There are some challenges…
With such great potential, there are still many challenges in deploying AI solutions. These challenges undermine the growth of AI technology in regards to farming and other fields on the continent. These include poor digital infrastructure and including last mile infrastructure, lack of both basic tech literacy and the lack of substantial human capital trained in AI and data science etc. These are added on to lack of or the overregulation related to technologies like AI as well as the lack of funding to scale up successful pilots and demonstrations that would have a transformative impact in the agricultural sector although there are important projects by Morocco’s OCP Innovation Fund for Agriculture, a 20 million US dollar fund, as well as one acre fund and Agri Business Capital fund to name a few, which are working to change this.
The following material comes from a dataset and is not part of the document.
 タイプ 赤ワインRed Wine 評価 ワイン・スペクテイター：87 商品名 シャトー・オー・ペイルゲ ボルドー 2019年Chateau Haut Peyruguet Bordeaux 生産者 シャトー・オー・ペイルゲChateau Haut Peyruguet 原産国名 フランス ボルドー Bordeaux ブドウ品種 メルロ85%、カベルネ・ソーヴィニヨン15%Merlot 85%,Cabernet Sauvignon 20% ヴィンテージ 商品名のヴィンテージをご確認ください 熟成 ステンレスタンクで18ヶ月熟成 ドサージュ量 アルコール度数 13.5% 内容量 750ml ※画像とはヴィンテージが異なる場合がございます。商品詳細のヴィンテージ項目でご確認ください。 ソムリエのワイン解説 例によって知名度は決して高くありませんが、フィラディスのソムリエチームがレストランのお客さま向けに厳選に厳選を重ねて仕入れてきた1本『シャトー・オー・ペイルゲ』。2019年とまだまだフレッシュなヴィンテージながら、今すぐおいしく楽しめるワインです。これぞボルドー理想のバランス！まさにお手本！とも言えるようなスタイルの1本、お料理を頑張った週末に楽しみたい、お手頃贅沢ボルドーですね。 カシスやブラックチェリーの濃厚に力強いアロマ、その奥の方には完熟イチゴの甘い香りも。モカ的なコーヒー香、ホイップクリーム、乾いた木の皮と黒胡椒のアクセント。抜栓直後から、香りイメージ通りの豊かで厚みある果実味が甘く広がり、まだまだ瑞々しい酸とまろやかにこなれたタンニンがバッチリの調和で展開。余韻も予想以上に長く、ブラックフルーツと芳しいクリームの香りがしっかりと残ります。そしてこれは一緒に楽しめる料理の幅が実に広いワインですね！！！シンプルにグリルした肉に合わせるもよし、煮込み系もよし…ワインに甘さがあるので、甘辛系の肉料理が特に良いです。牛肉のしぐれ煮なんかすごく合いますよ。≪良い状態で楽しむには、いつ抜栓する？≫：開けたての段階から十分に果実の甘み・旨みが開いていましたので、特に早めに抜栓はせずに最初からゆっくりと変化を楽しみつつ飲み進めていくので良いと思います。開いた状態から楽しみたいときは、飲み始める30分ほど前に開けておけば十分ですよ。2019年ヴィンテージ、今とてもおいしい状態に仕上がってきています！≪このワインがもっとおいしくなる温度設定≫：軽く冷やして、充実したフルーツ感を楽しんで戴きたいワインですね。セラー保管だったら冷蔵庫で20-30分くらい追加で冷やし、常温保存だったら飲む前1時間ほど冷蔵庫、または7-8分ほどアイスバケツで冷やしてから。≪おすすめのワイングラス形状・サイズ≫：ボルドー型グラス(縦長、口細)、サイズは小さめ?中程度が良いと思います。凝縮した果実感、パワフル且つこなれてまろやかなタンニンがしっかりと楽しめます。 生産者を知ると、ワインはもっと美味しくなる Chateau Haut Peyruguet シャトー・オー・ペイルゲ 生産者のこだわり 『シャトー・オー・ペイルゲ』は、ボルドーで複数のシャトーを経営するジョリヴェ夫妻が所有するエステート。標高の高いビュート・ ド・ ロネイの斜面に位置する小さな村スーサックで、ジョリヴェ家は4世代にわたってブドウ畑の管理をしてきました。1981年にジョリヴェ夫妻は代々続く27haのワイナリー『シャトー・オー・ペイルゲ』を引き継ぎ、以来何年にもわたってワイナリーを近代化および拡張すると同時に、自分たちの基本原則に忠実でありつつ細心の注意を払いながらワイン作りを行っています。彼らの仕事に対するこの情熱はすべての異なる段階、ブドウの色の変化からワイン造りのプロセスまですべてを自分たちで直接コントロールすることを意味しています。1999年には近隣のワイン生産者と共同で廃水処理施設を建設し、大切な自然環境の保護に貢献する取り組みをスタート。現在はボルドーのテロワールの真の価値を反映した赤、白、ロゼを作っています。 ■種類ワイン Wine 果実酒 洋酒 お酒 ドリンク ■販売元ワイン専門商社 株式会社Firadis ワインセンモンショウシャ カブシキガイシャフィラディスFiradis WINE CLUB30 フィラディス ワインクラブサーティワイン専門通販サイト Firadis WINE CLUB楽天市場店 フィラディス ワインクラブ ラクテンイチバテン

At the Next Einstein Forum, we believe it is urgent for African governments, development partners, the private sector, civil society and academic and scientific institutions to draft and ratify a continental strategic roadmap for leveraging new enabling technologies like AI. A roadmap that addresses basic and digital infrastructure gaps, funding, regulation and policy challenges, and talent and technology gaps.
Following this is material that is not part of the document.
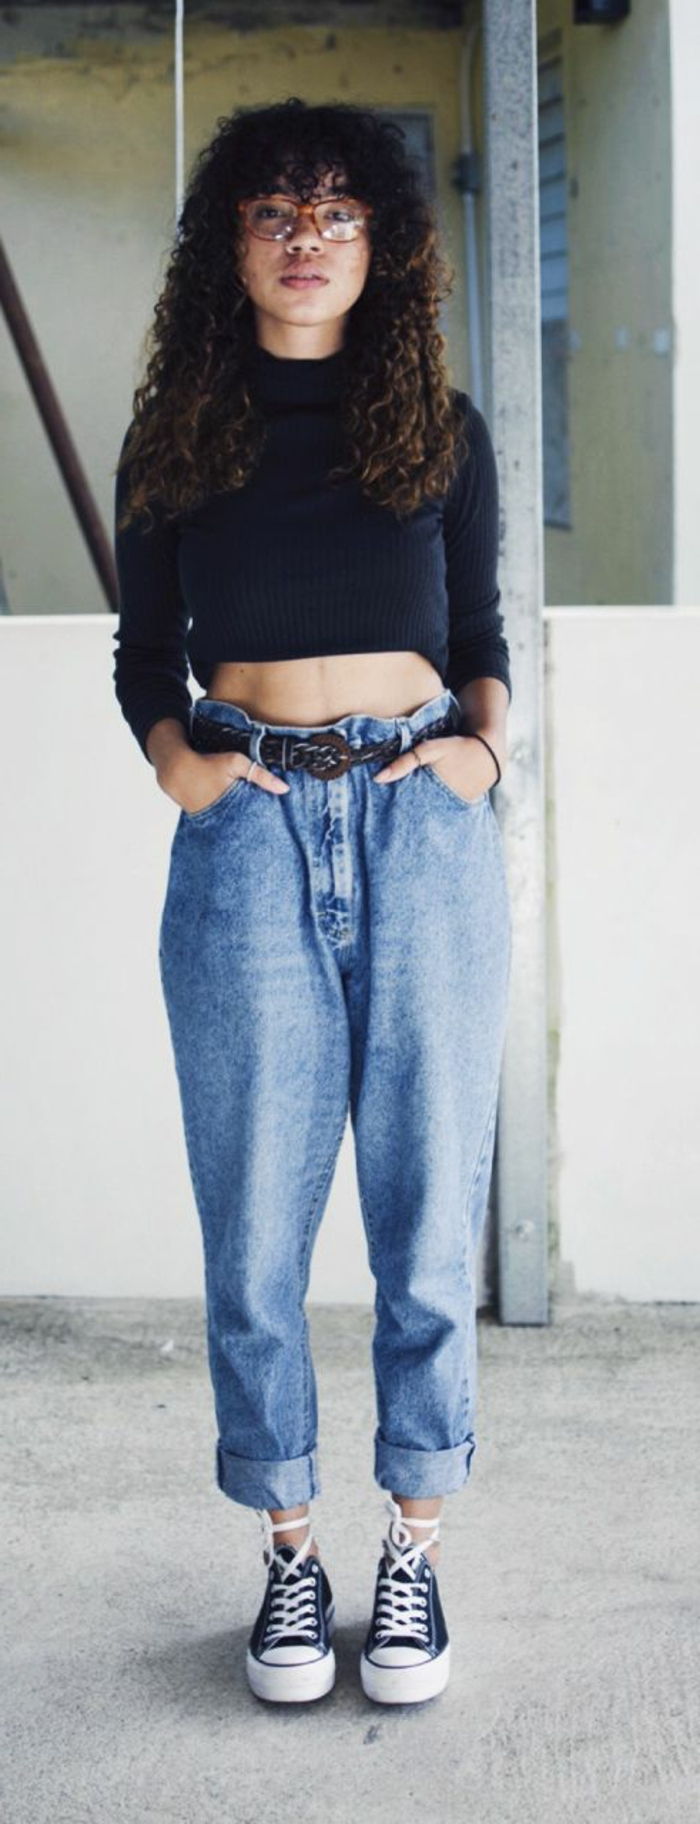 uma garota de roupa dos anos 80 - suéter preto curto, jeans de cintura alta, tênis preto, cabelo encaracolado com franja

The funding challenge is not a small one. We estimate that Africa needs to collectively bring together more than 21 trillion US dollars until 2030 to fundamentally move into the fourth industrial revolution with $3 trillion US dollars of that spent on revitalizing the education system. Africans cannot just be consumers of AI technologies, they must be creators of these important technologies. Furthermore, it is predicted that the continent will require a 73 billion US dollars investment to fulfil its agricultural promise.
This is only the first step. The next is targeted research, design and deployment approaches to leveraging AI in Africa. AI and machine learning relies mostly on statistical quantification making it an arduous task when applied in agriculture. Farming is a complex mix of physical and material processes, and thus requires a considerably large number of variables. These physical and biological processes vary from one region to another, meaning that an algorithm for crop disease prediction in Rwanda, might prove obsolete in the Sahel region.
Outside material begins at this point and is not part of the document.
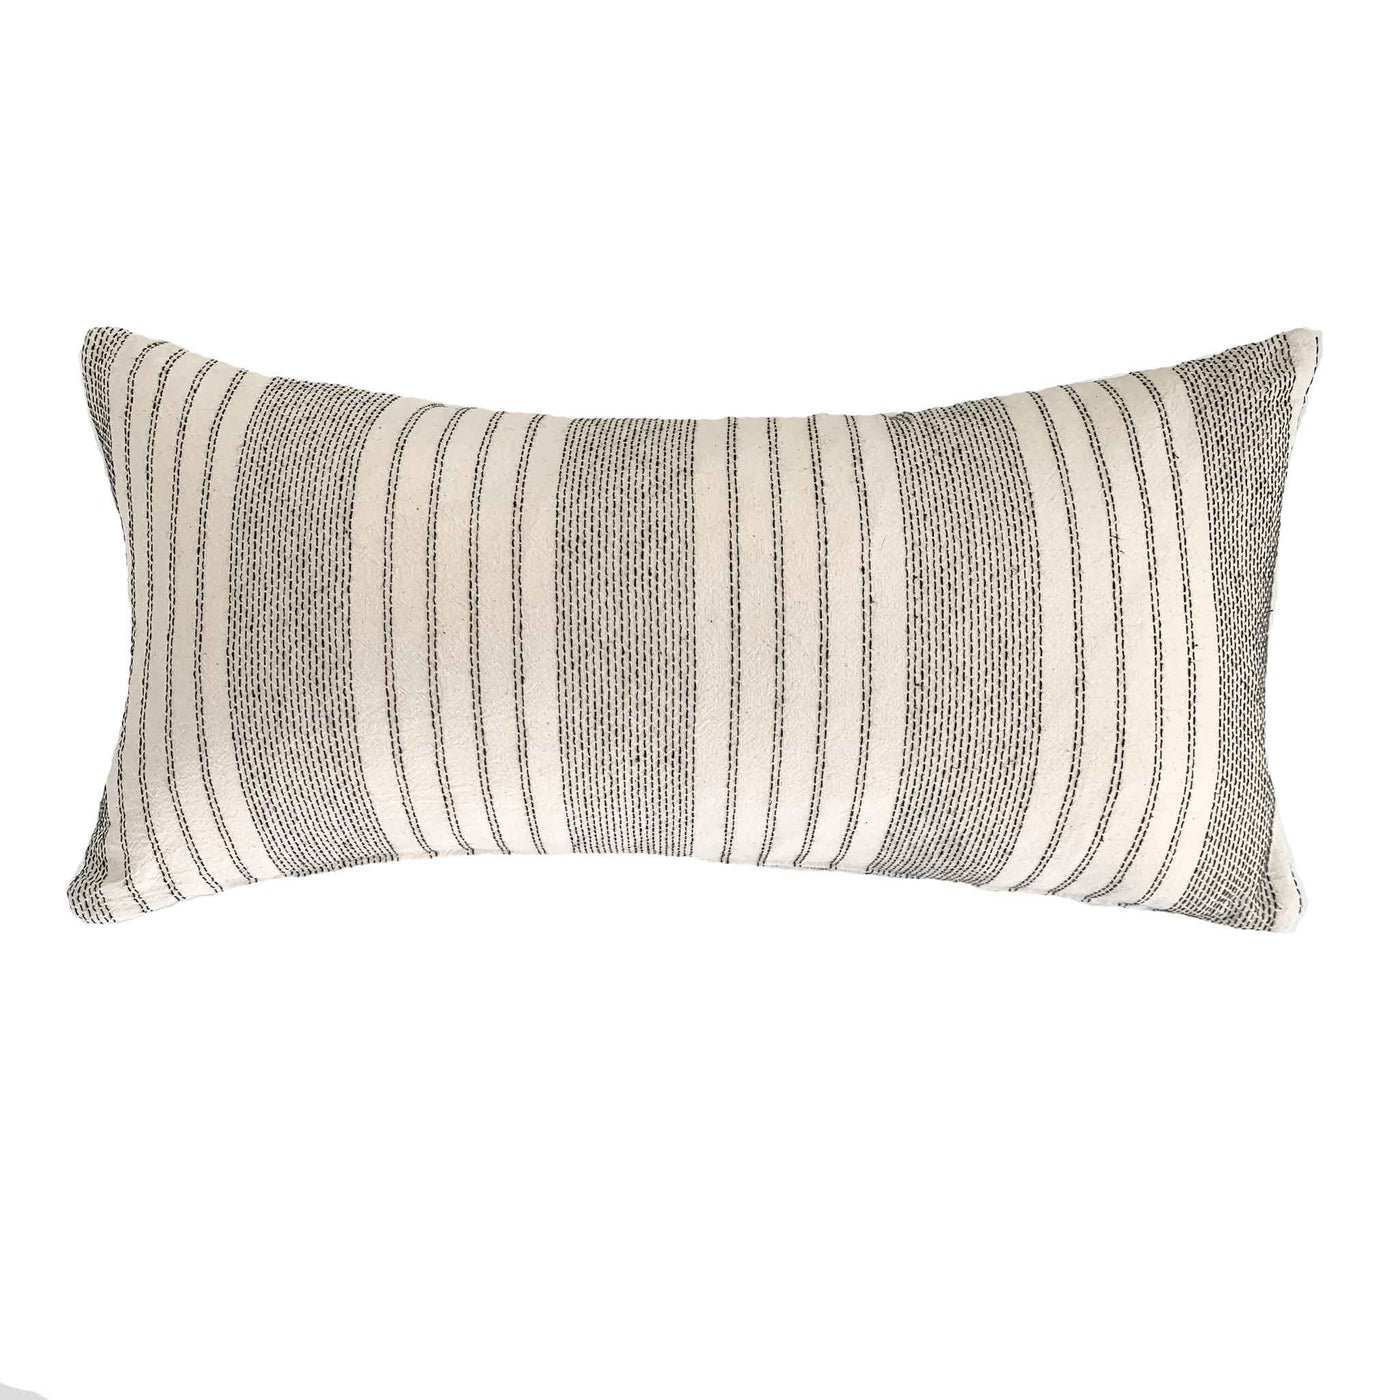 Hmong Batik Lumbar Pillow - Studio Pillows

Therefore, it is crucial to roll out targeted approaches to AI solutions in agriculture, in order to ensure that African innovators are able to design and produce relevant and efficient products. This can be achieved by orienting research towards the use of omics (genomics, metabolomics and phenomics) in tandem with AI to target early prediction based on observations not visible to the human eye. This would facilitate the design of transversal models adapted to the different African regions.
The way forward
Africa’s challenges related to agriculture offer a great opportunity for transformative innovation leveraging new technologies like AI. Multiple start ups on the continent are already working to close some of the gaps in the food production value chain, but much remains to be done.
As such, a Pan-African roadmap is required to put in place mechanisms that will ensure that innovators are able to pilot their ideas all the way through industrialization in order for African countries to reap the full benefits of AI technology.
To achieve the above, we need to devise a continental framework, which takes into consideration the financial, regulatory, the adequate training programs and political implications of implementing a successful AI strategy.
Africa has a lot to gain, there is a projected 126 billion dollars to be made from industries relying on AI technologies globally.